#### Exercise:
Beginning with the line below that contains "Volcom Men's Neo Revo Wetsuit Jacket" and ending with the line that contains "6661 E MENLO", retype every line exactly. Pictures are not copied.

*** Input for this task Section Begins ***

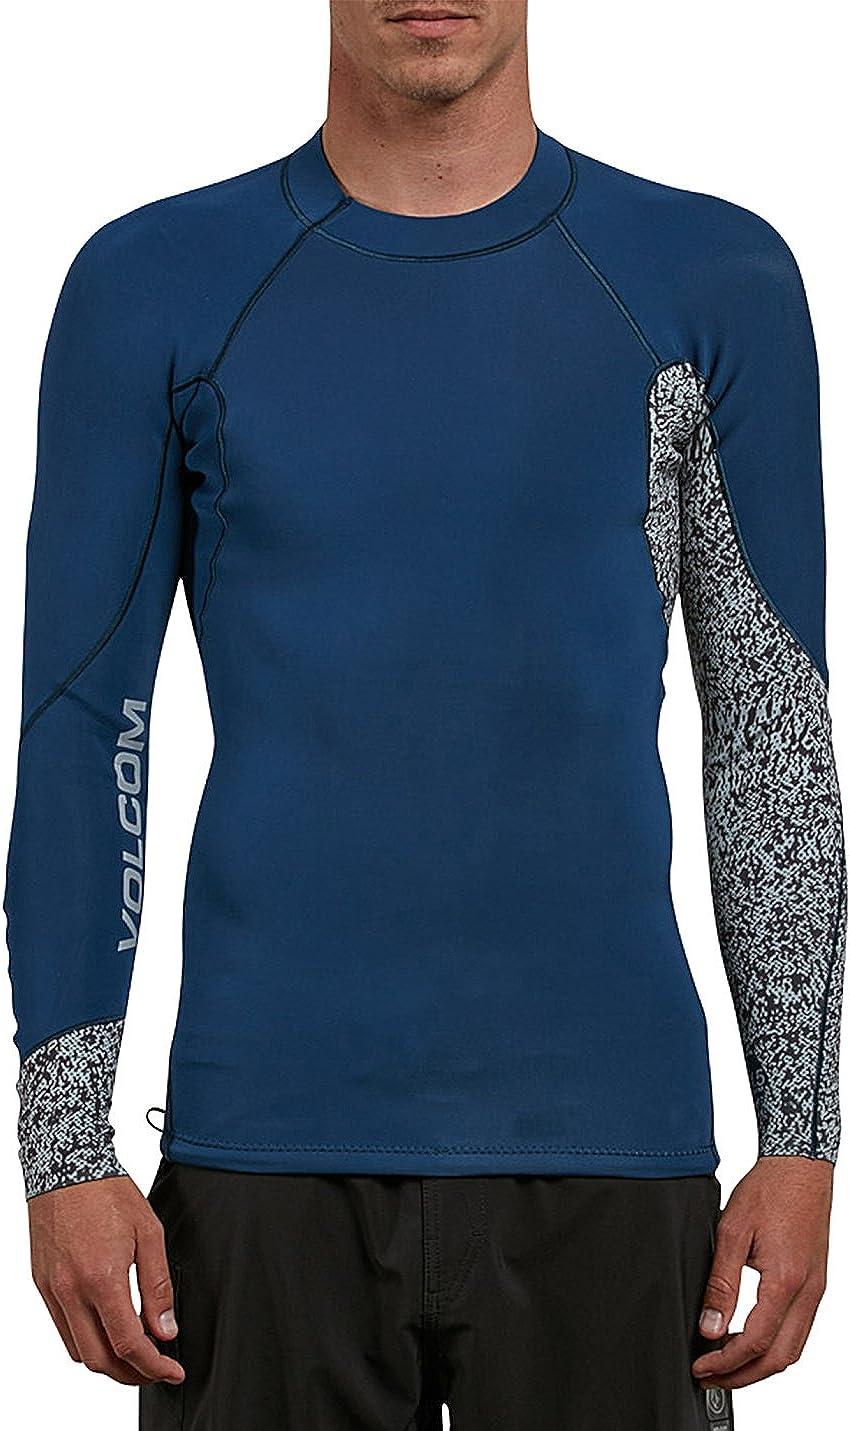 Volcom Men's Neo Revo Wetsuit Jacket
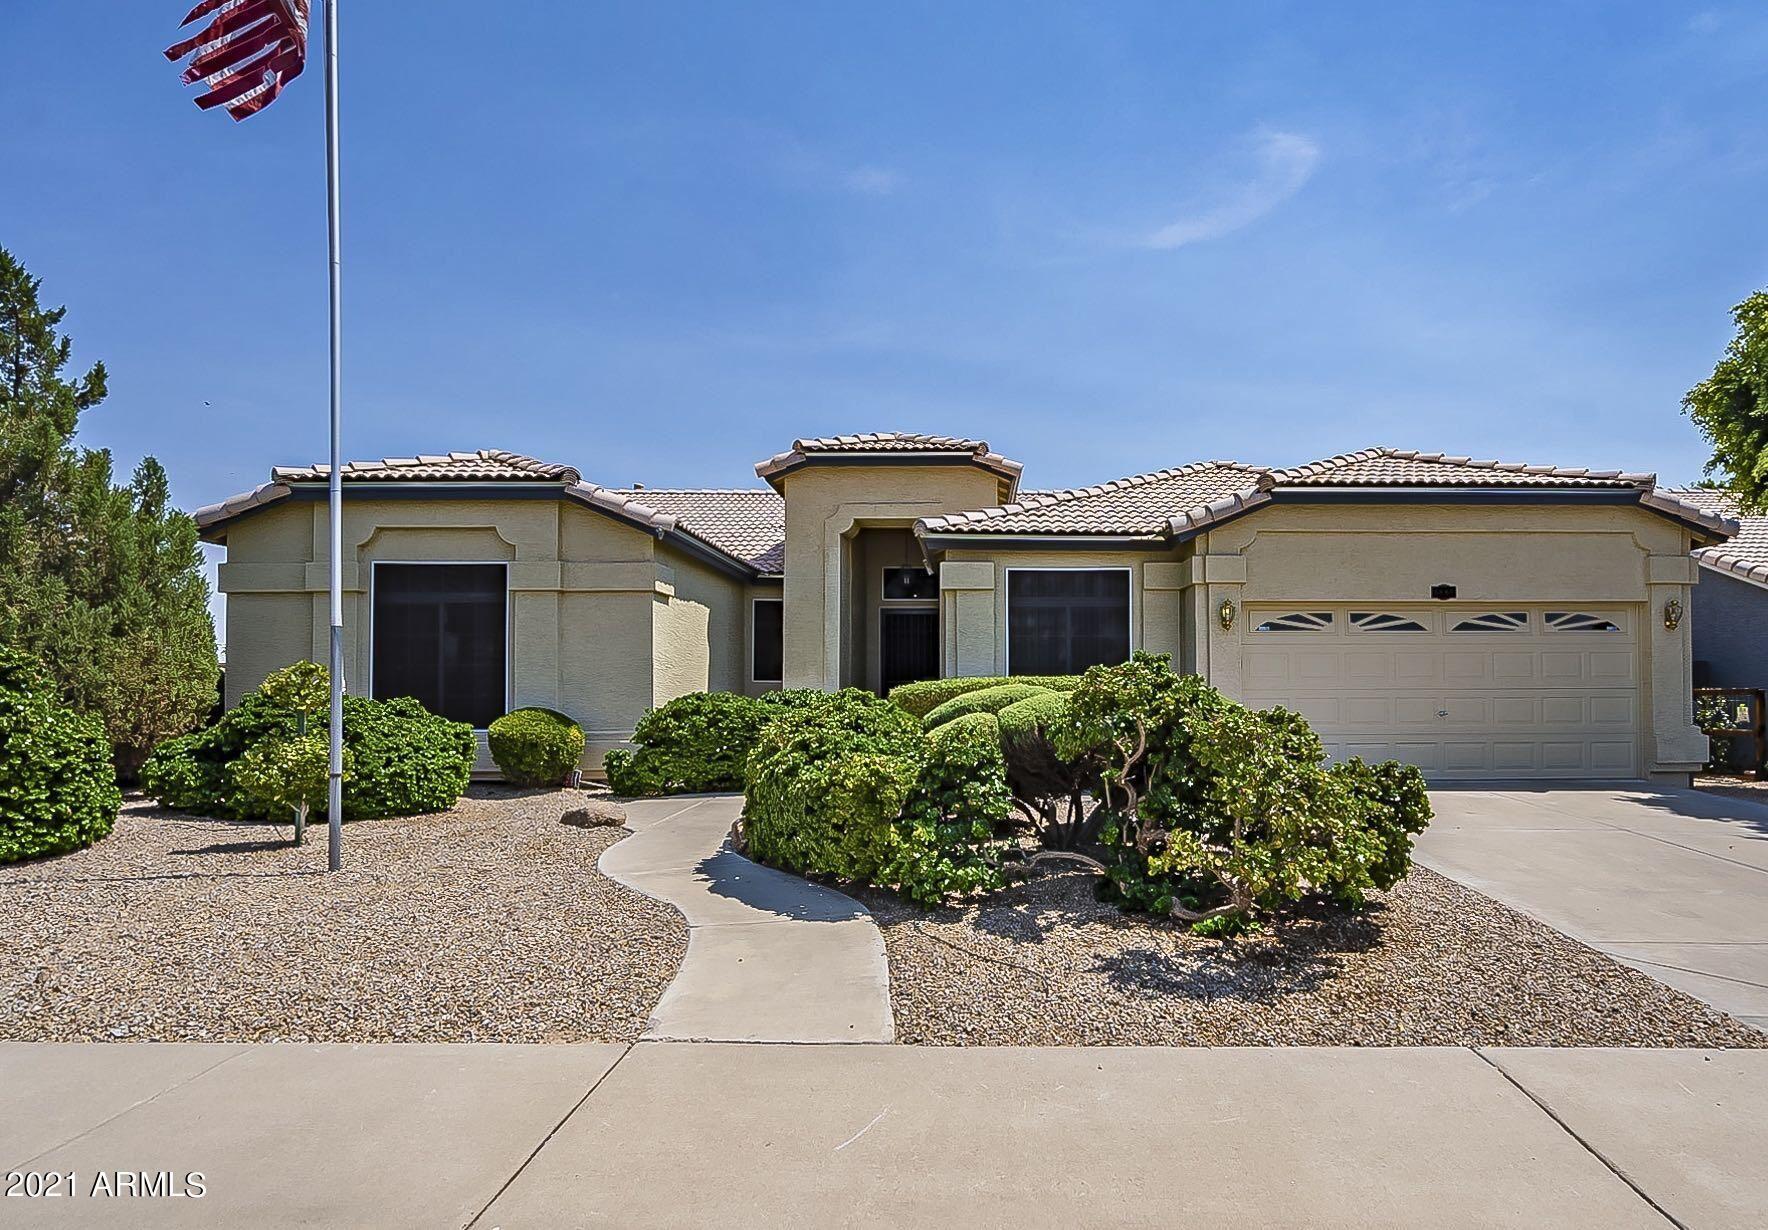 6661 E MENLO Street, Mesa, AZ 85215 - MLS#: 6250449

*** Input for this task Section Ends ***
*** Input for this task Section Begins ***

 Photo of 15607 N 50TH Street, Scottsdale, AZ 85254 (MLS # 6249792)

*** Input for this task Section Ends ***
*** Input for this task Section Begins ***

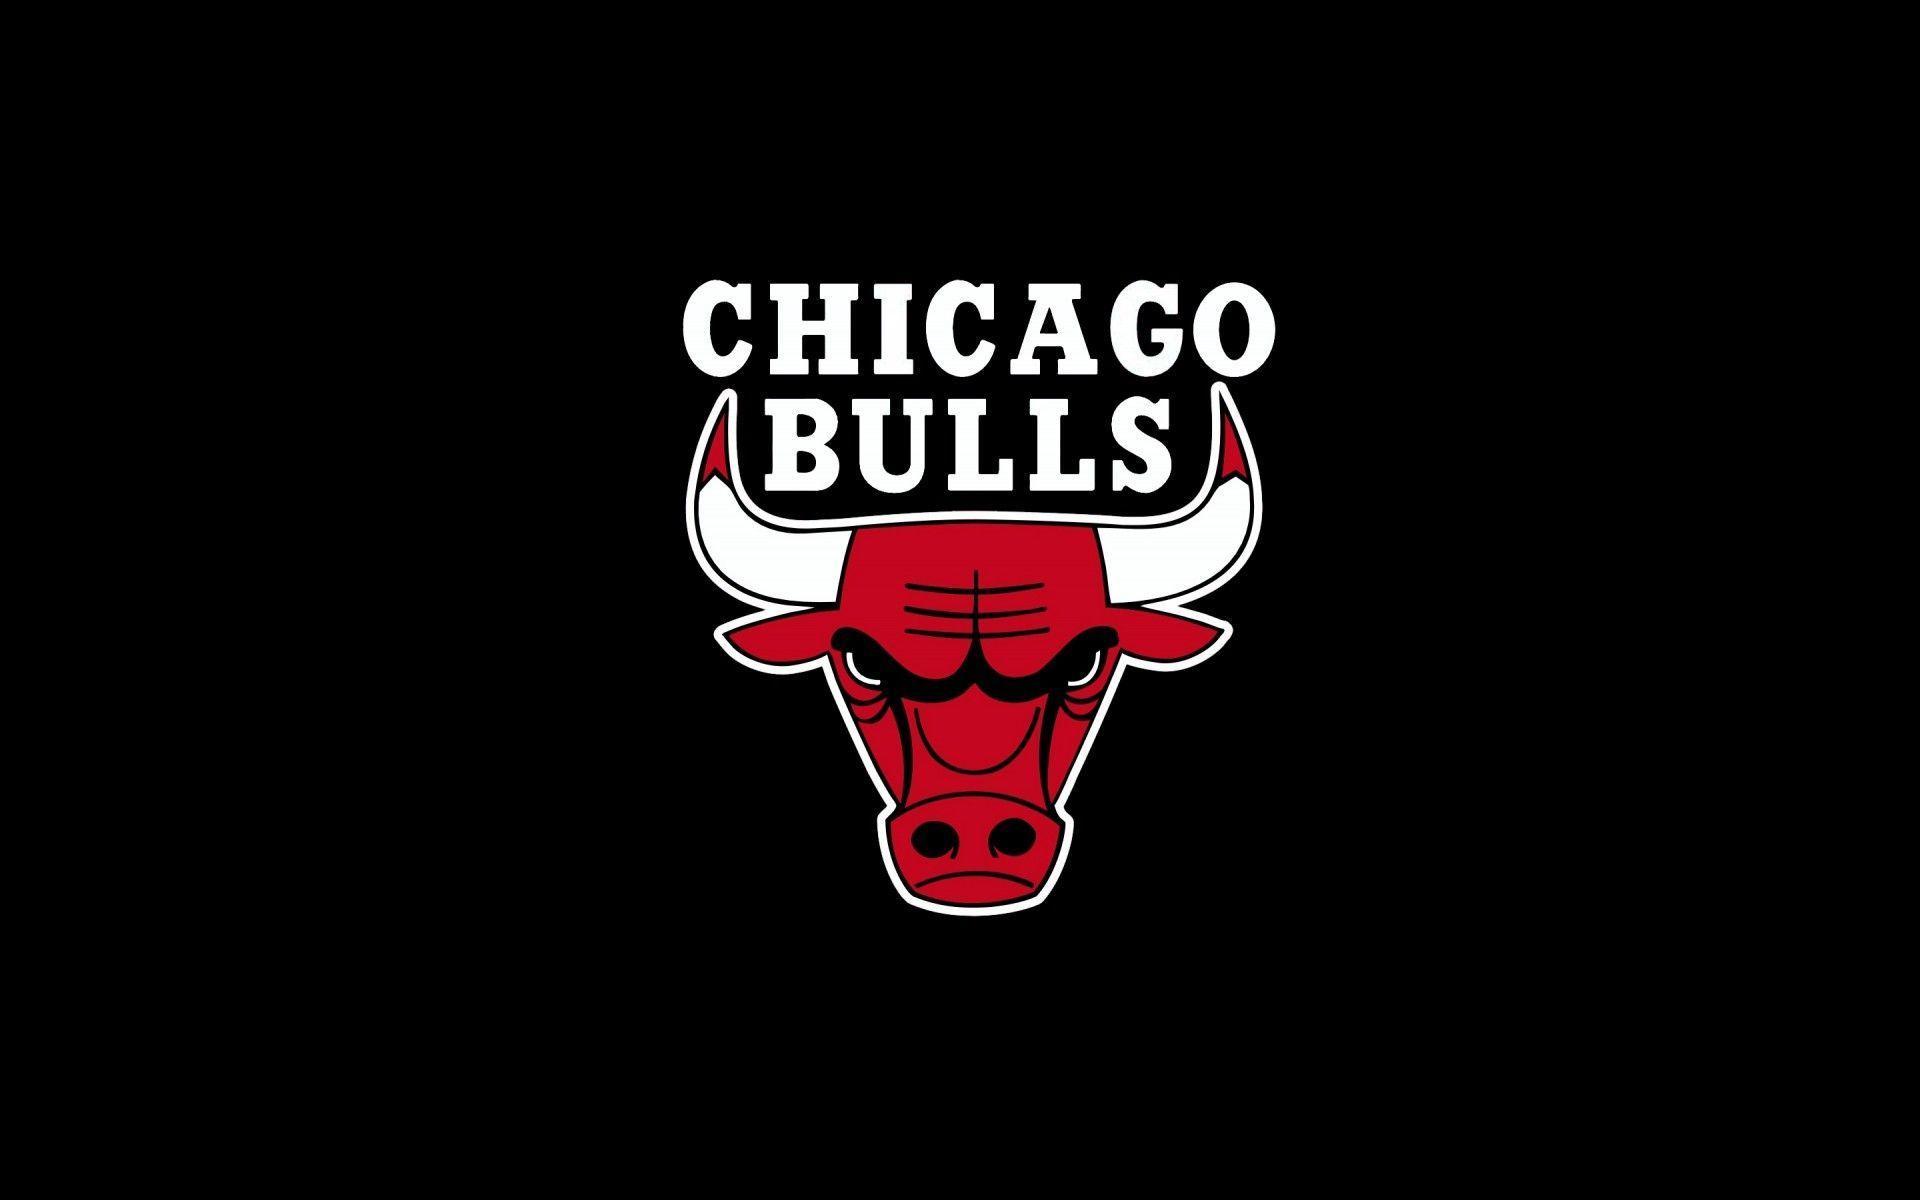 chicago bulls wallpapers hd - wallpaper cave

*** Input for this task Section Ends ***

#### Result:
 Volcom Men's Neo Revo Wetsuit Jacket
 6661 E MENLO Street, Mesa, AZ 85215 - MLS#: 6250449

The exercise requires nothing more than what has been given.